A point charge Q is moving in a circular orbit of radius R in the x-y plane with an angular velocity \[\omega \]. This can be considered as equivalent to a loop carrying a steady current \[\dfrac{Q\omega }{2\pi }\]. A uniform magnetic field along the positive z-axis is now switched on, which increases at a constant rate from 0 to B in one second. Assume that the radius of the orbit remains constant. The application of the magnetic field induces an emf in the orbit. The induced emf is defined as the work done by an induced electric field in moving a unit positive charge around a closed loop. It is known that, for an orbiting charge, the magnetic dipole moment is proportional to the angular momentum with a proportionally constant \[\gamma \]. The change in the magnetic dipole moment associated with the orbit, at the end of the time interval of the magnetic field change, is
\[A)-\gamma BQ{{R}^{2}}\]
\[B)\dfrac{-\gamma BQ{{R}^{2}}}{2}\]
\[C)\gamma \dfrac{BQ{{R}^{2}}}{2}\]
\[D)\gamma BQ{{R}^{2}}\]

Answer 1

Hint: It is given that change in angular momentum is proportional to the change in magnetic moment. Also change in angular momentum is related to the torque. First, find the induced electric field and then the force acting on the particle. This force is proportional to the torque. Upon substituting the torque in angular momentum equation and integrating it, we can determine the change in angular momentum and magnetic moment.

Formula used:
\[\Delta L=\int{\tau dt}\]
\[\int{E.dr}=A\dfrac{dB}{dt}\]
\[F=qE\]

Complete answer:
Let, \[M\] be the magnetic moment and \[L\] be the angular momentum.
It is given that,
\[M\propto L\], \[M=\gamma L\]
Then,
\[\Delta M=\gamma \Delta L\] ------------A
We have, change in angular momentum,\[\Delta L=\int{\tau dt}\] -------- 1
Where,
\[\tau \]is the torque acting on the particle
For an induced electric field, \[\int{E.dr}=A\dfrac{dB}{dt}\]
Where,
\[\dfrac{dB}{dt}\]is the rate of change of magnetic flux
\[A\]is the area
\[E\int{dr}=A.B\]
Here, the point charge Q is moving in a circular orbit of radius \[R\],
\[E\times 2\pi R=\pi {{R}^{2}}B\]
Therefore,
\[E=\dfrac{RB}{2}\] ----------- 2
We have,
\[F=qE\]
Where,
\[F\]is the force on electric charge \[q\] due to induced electric field \[E\]
Now, due to the induced electric field, force on charge Q is given by,
\[F=QE\] ------------- 3
Substitute 3 in equation 2. We get,
\[F=\dfrac{QRB}{2}\] ----------- 4
We have,
Torque, \[\tau =FR\] ---------- 5
Substitute 4 in equation 5, then,
\[\tau =\dfrac{Q{{R}^{2}}B}{2}\] -------- 6
Substitute 6 in equation 1. Then,
\[\Delta L=\int\limits_{0}^{1}{\dfrac{Q{{R}^{2}}B}{2}}dt\]
\[\Delta L=\dfrac{Q{{R}^{2}}B}{2}\times 1\]
\[\Delta L=\dfrac{Q{{R}^{2}}B}{2}\] ------------7
Substitute the above equation in A. Then,
\[\Delta M=\gamma \dfrac{Q{{R}^{2}}B}{2}\]
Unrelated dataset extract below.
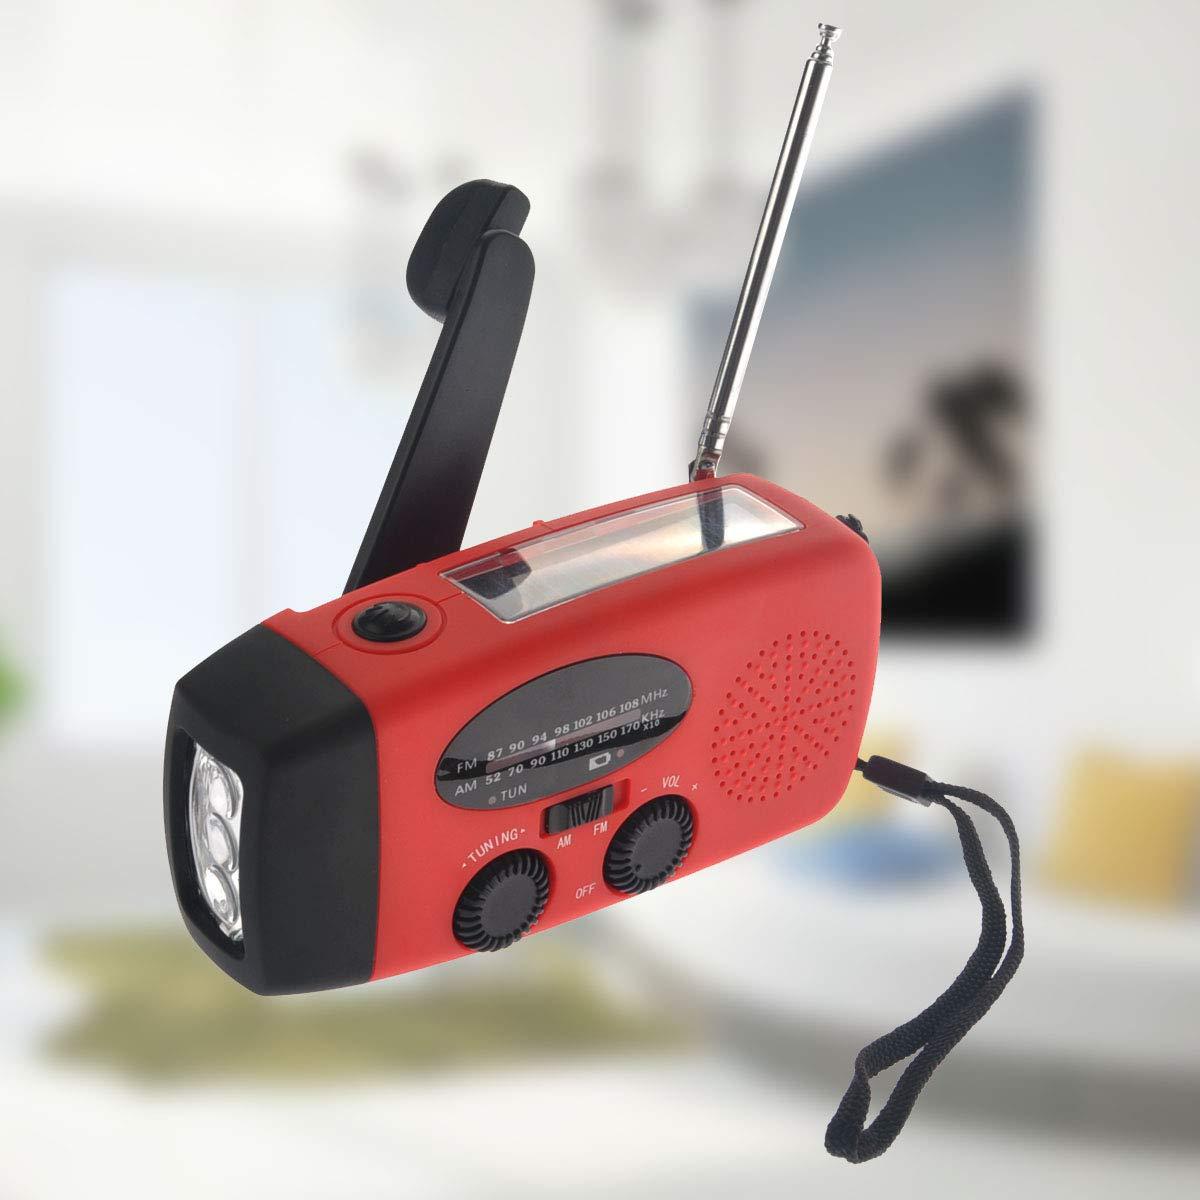 VOSAREA Emergency Solar Crank AM FM Camp Radio with LED Flashlight USB Output Port(Red) by VOSAREA (Image #6)

So, the correct answer is “Option C”.

Note:
When a charge moves in a magnetic field, it experiences a force. The magnetic force is perpendicular to the plane formed by the velocity vector and magnetic field. The directions are given by the right hand rule. The direction of force on a negative charge is opposite to that of a positive charge. If velocity of the charge or particle happens to be aligned parallel to the magnetic field, or is zero, the magnetic force will be zero.